3.4 Loop Restructuring (Moderate Impact)

Trident loops have compile-time-known bounds. The compiler chooses between full unrolling (eliminates call/return overhead, increases Processor rows linearly), partial unrolling (reduces overhead, moderate size), and minimal looping via call/recurse/recurse_or_return (adds Jump Stack rows, minimizes Processor rows). The optimal choice depends on current table balance and cliff proximity.

3.5 hash Coprocessor Scheduling (High Impact for CORE)

The Hash Table is driven by Tip5 permutation invocations: hash, sponge_absorb, sponge_squeeze, sponge_absorb_mem, merkle_step, merkle_step_mem. Each invocation adds rows to the Hash Table. For CORE's dominant workloads — merklezation inclusion proofs, commitment construction, recursive STARK verification — the Hash Table frequently becomes the tallest table and thus the sole determinant of proving cost.

Three optimization dimensions exist within hash scheduling:

Absorb batching. sponge_absorb_mem absorbs 10 field elements from RAM in a single Tip5 permutation (one Hash Table row). The manual alternative — loading elements to stack via read_mem then calling sponge_absorb — costs the same one Hash Table row but adds 10+ Processor Table rows for the loads. When Hash Table is not the bottleneck, the manual path may be preferable (it keeps Hash Table shorter at the cost of Processor rows). When Hash Table is the bottleneck, sponge_absorb_mem is strictly superior. The optimizer must reason about which table is currently constraining the padded height.

Sponge lifetime minimization. Each sponge_init resets the sponge state. If a program performs two independent hashing tasks (e.g., computing a commitment and verifying a Merkle proof), the order determines whether one or two sponge_init calls are needed. Interleaving the tasks requires two initializations (2 Hash Table rows of overhead plus potential state-saving cost). Sequential execution may allow sponge reuse if the output of the first task feeds into the second. The optimizer must discover task orderings that minimize total sponge initializations.

Merkle traversal strategy. merkle_step reads siblings from secret input; merkle_step_mem reads from RAM. The choice affects RAM Table height versus the cost of providing non-deterministic input. For authentication paths that are reused (e.g., verifiable Merkle tree updates where the same path confirms old leaf inclusion then computes new root), merkle_step_mem is required — but the optimizer controls the memory layout of the path, which affects RAM Table row ordering and thus the contiguity argument overhead.

For CORE's transfer circuit (~7 Poseidon calls × 300 constraints = 2,100 Hash Table rows in the baseline), hash scheduling optimization directly attacks the dominant cost component.
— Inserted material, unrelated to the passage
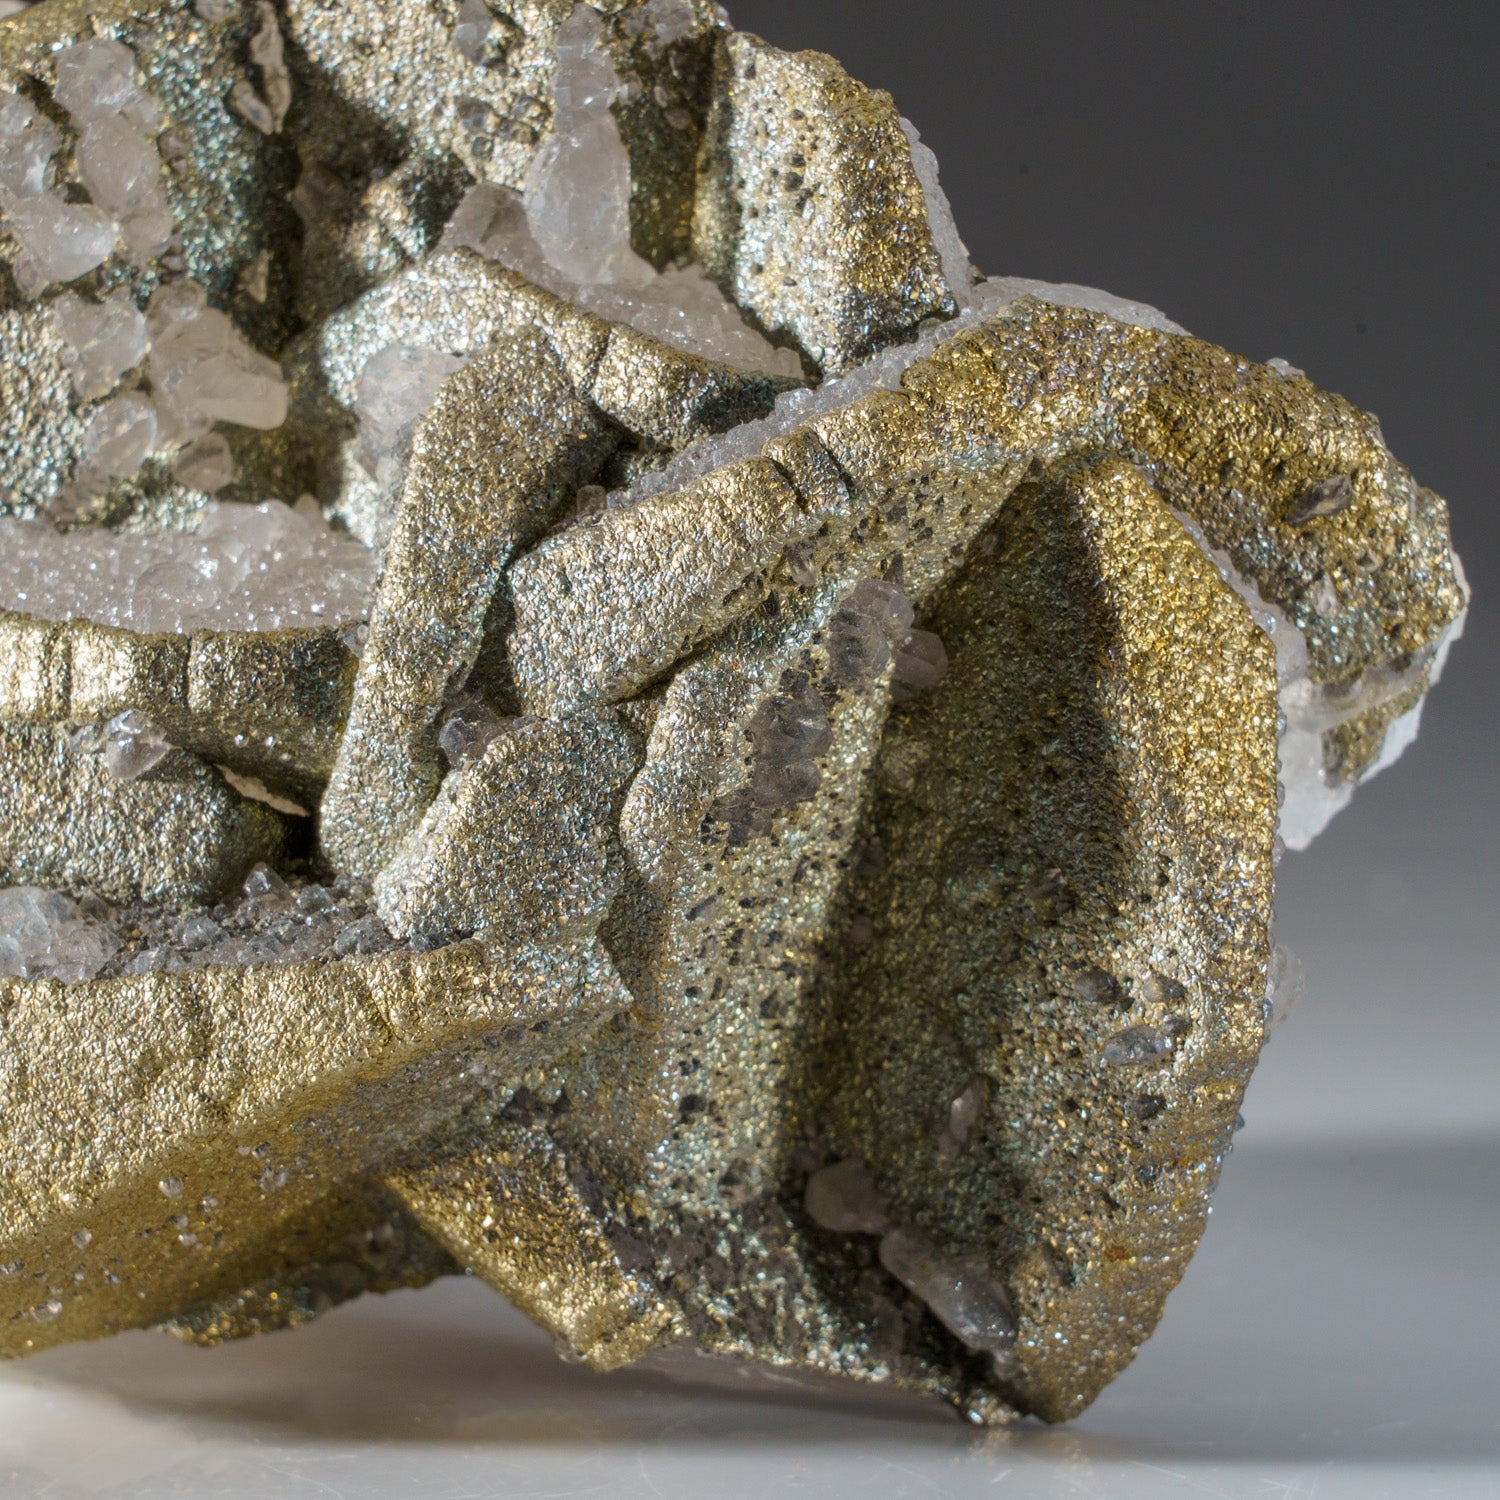 Pyrite on Calcite from from Edong Mining District, Daye, Hubei, China

The polynomial commitment approach already described in CORE v0.9 — replacing 32 sequential Merkle hashes with ~1,000 field multiplications — is itself a macro-level hash scheduling optimization. The neural optimizer operates at the micro level within each hash-using block, finding instruction orderings and batching strategies that minimize Hash Table growth while respecting data dependencies.

Optimization	Hash Table Impact	Processor Table Impact	When Beneficial
`sponge_absorb_mem` over manual load + absorb	Same (1 row)	-10 rows	Always (for Processor)
Sponge reuse (avoid re-init)	-1 row per avoided init	Variable	When hash-bottlenecked
`merkle_step_mem` over `merkle_step`	Same	+RAM Table rows	When path is reused
Task reordering for sponge lifetime	-N rows (N = avoided inits)	Variable	Complex programs with multiple hash tasks

4. Model Architecture

4.1 Input Encoding

A TIR basic block is encoded as a fixed-size tensor. Each node in the data-flow DAG is represented by 4 Goldilocks field elements:

node_encoding = (opcode : 6 bits,     // one of 54 TIR operations
                 type   : 3 bits,     // Field | Bool | U32 | Digest
                 input₀ : 5 bits,     // reference to input node 0
                 input₁ : 5 bits,     // reference to input node 1
                 live_start : 5 bits, // liveness interval start
                 live_end   : 5 bits) // liveness interval end

Maximum basic block size: 32 nodes. Input tensor: $32 \times 4 = 128$ field elements, zero-padded for shorter blocks.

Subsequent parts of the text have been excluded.